→ Try it: Please transcribe the lines below exactly, and leave every image behind.

→ Data extract:
◇ ◇ ◇ ◇ ◇

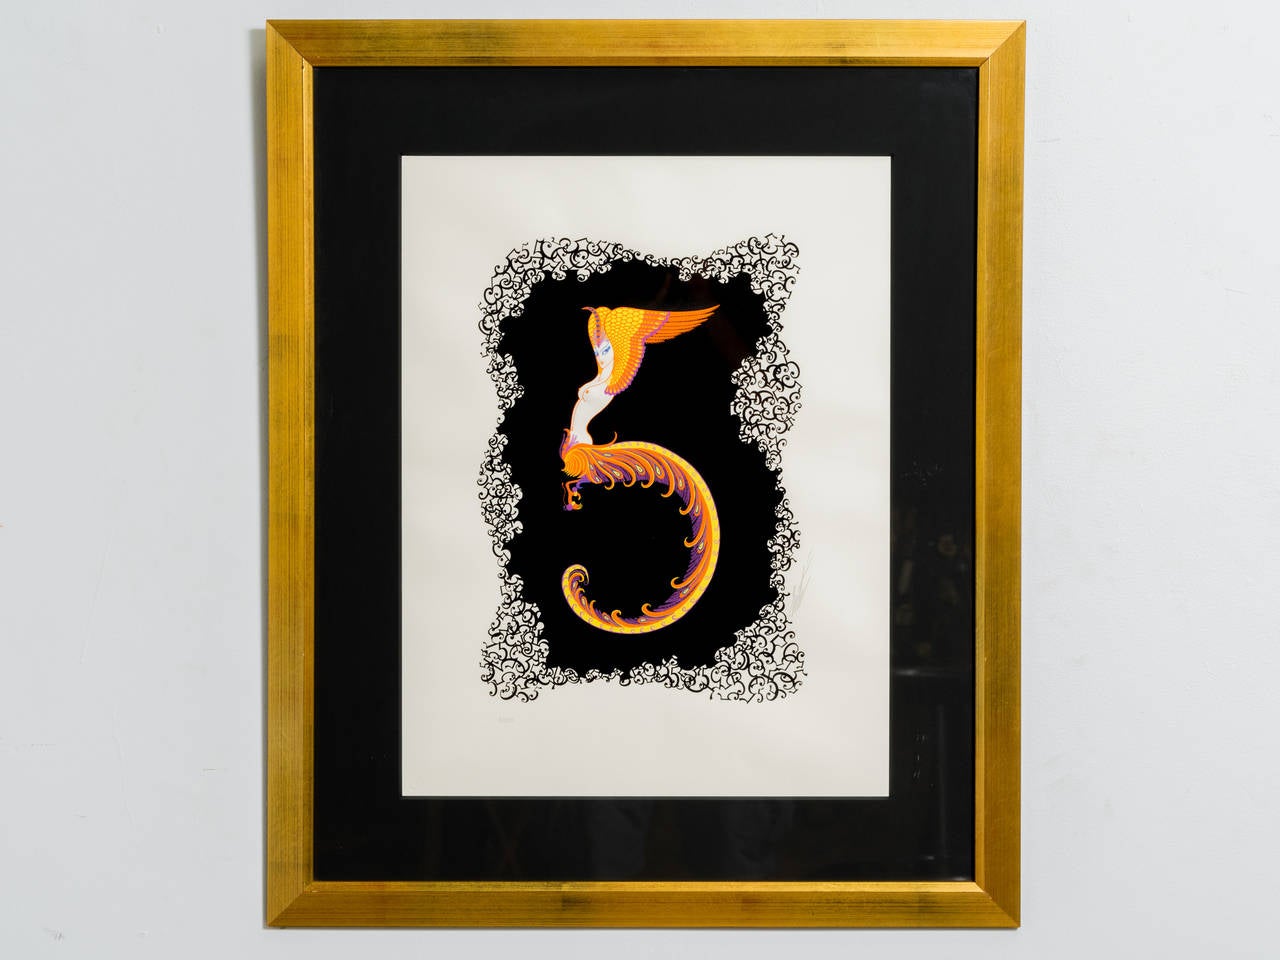 The Number 5
Featuring  a central embossed, winged female figure. Signed at right and numbered"7/350" bottom left pencil. Framed under glass.
Sight: 22"H x 16 3/4"W 
Frame: 31 1/4"H x 26"W

◇ ◇ ◇ ◇ ◇

→ Result below:
 The Number 5
Featuring  a central embossed, winged female figure. Signed at right and numbered"7/350" bottom left pencil. Framed under glass.
Sight: 22"H x 16 3/4"W 
Frame: 31 1/4"H x 26"W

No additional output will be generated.